L’8 aprile lei presentò un
esposto e parlò di trame contro lo Stato. Ha novità?
L’Italia
ha vissuto momenti ben più complicati. Anni di tensioni vere, anni
di bombe sui treni, non voglio drammatizzare, voglio però la verità.
Ci sono persone che raccontano di aver costruito dossier per
influenzare altre persone. Beh, è giusto che si sappia tutta la
verità: un uomo pubblico deve essere libero, non ricattabile e non
ricattato.
Lei è stato sentito dai magistrati di
Potenza: ha avuto mai l’impressione di un governo sotto attacco?
Non c’é mai stato un tentativo di aggressione al governo.

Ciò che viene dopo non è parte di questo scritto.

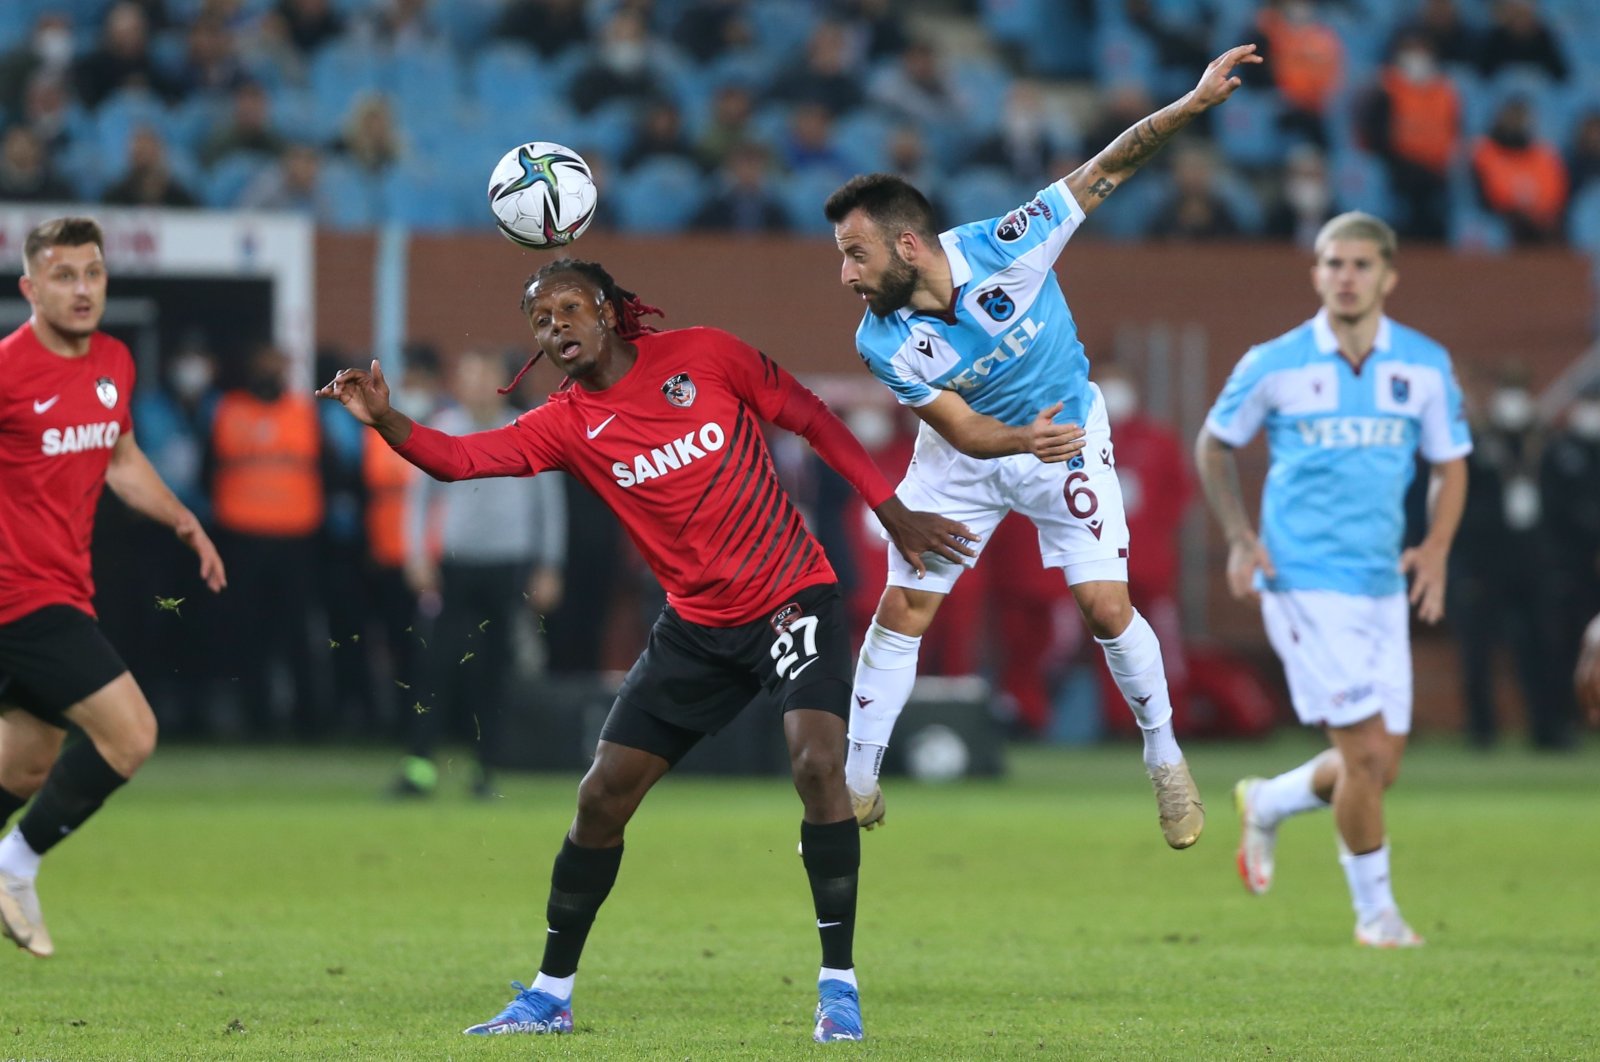 Pemimpin Trabzonspor mengalahkan Gaziantep FK 3-0 di kandang

Noi
chiediamo la verità come cittadini e come governanti. La
magistratura fa il suo lavoro e il governo non interferisce. È
giusto così. Deve essere così. Un rapporto improntato a fiducia,
rispetto e collaborazione tra governo e magistrati.
Da
ministro delle Infrastrutture ha incontrato ripetutamente Cantone.
Quale ricetta per vincere la corruzione?
Muoversi
nell’ordinarietà e nella semplicità aiuta. Abbiamo bisogno di
leggi facili e di procedure trasparenti. Poi serve l’educazione.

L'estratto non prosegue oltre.